The Cubs turned up the sound system when Contreras was hit by a Devin Williams pitch in the seventh, drowning out any “talk” as Contreras slowly headed to first while stealing glances at the mound.

Darvish labors

The day after Kyle Hendricks cruised through the season opener with a three-hit shutout, Yu Darvish — the presumptive Opening Day starter when spring training was halted in March — needed 73 pitches to get through four long innings full of deep counts and traffic.

He limited the damage until the fourth, when a hit batter, single and Ben Gamel triple pushed across two more for the Brewers — who bailed him out of surrendering another run when somebody apparently missed a sign, Orlando Arcia bunting and Gamel held at third with one out.

Of note, if not solace: Darvish didn’t walk a batter. He has given up just seven walks in 14 starts since last year’s All-Star break.

Rundown breakdowns

Maybe the Cubs could have used another week or two of summer training camp to work on fundamentals?

A botched rundown after the Cubs had Lorenzo Cain hung out between second and third on Gamel’s grounder to short cost a run in the second when the Cubs left first base abandoned — allowing Gamel to scurry back to first just when it looked like the Cubs might have both runners occupying second.

Eric Sogard’s two-out single eventually drove home Cain from second.

On the other hand, the Brewers’ ability to execute a rundown with runners at second and third and one out in the bottom of the fourth shut down a Cubs scoring chance. Victor Caratini was caught in no-man’s land off third when Ian Happ grounded sharply to third and was out on one throw.

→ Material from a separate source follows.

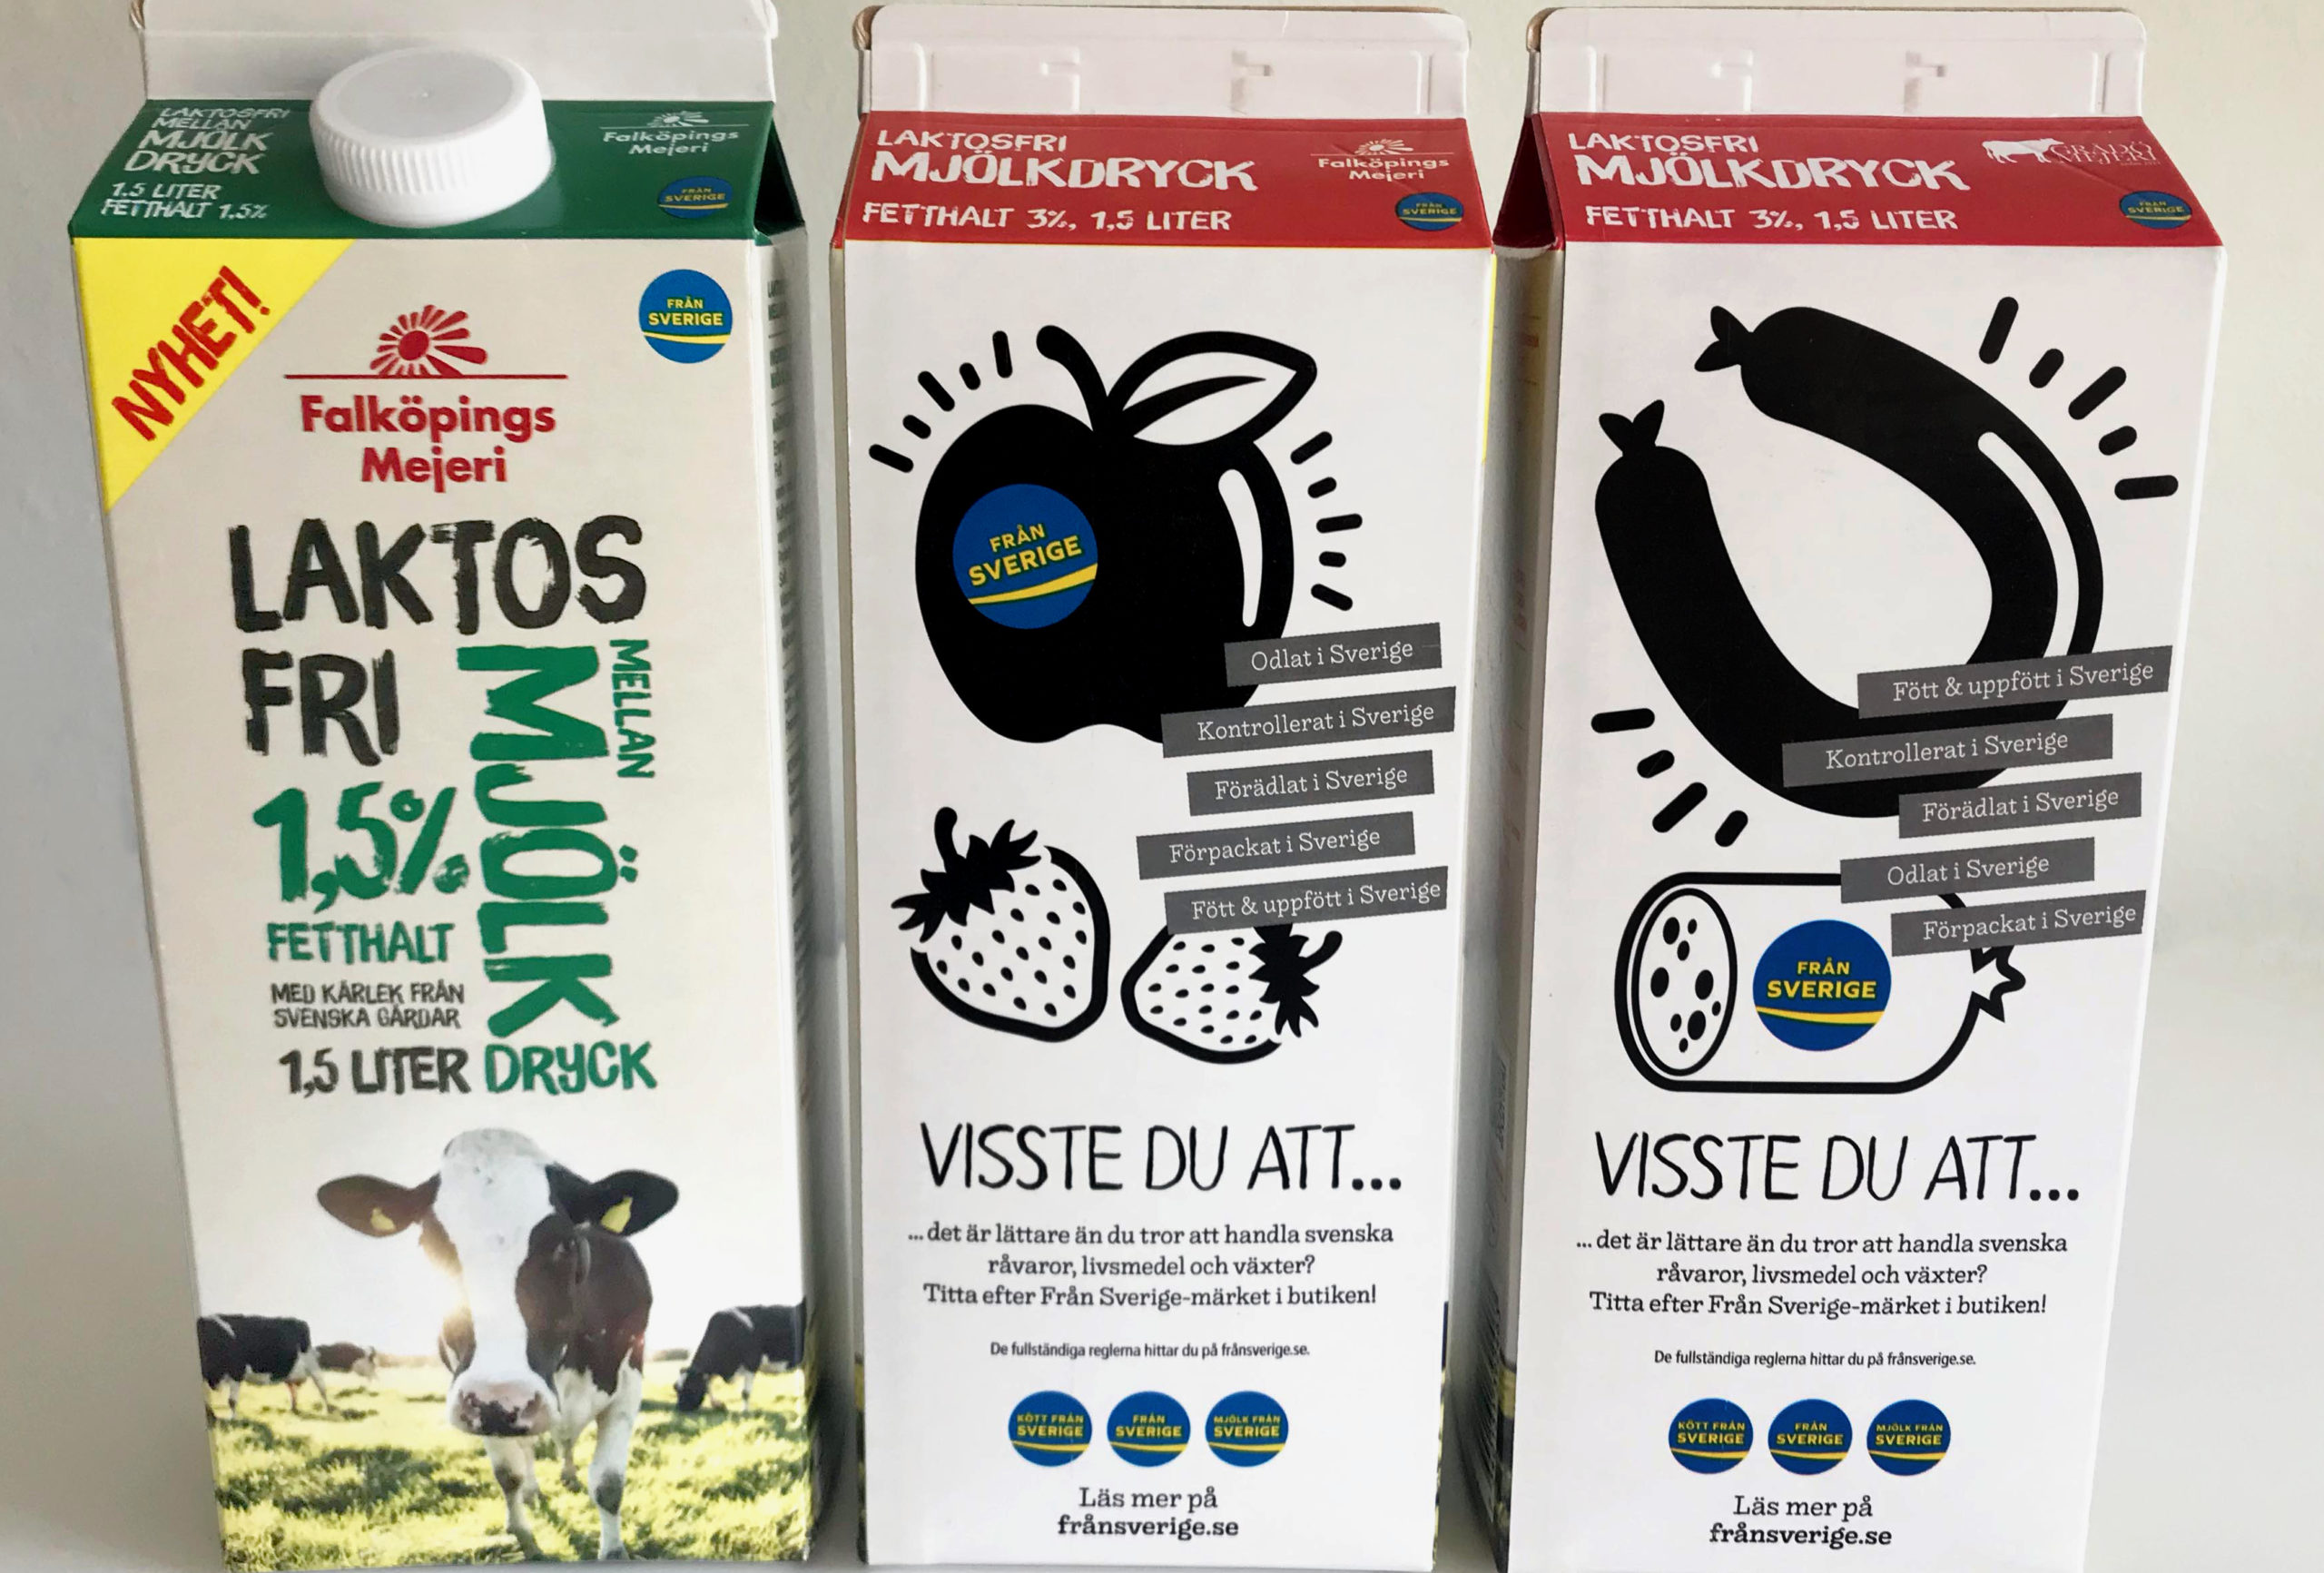 Från Sverige på Falköpings nya laktosfria mjölkdryck

Three pitches later, the Brewers were out of the inning.

Mighty pen questions

After Darvish’s early exit, manager David Ross got his first look at an 11-man bullpen full of question marks.

The answers weren’t great — albeit, none of the relievers used Saturday included the closer or primary setup pitchers.

Dillon Maples was the only one among the five who recorded a 1-2-3 inning (ninth), and left-hander Rex Brothers was the only other one with a scoreless inning (eighth)

Duane Underwood Jr. (solo homer), Brad Wieck (two-run homer) and James Norwood (three consecutive hits, two runs) gave up five runs on five hits and a walk in their combined three innings.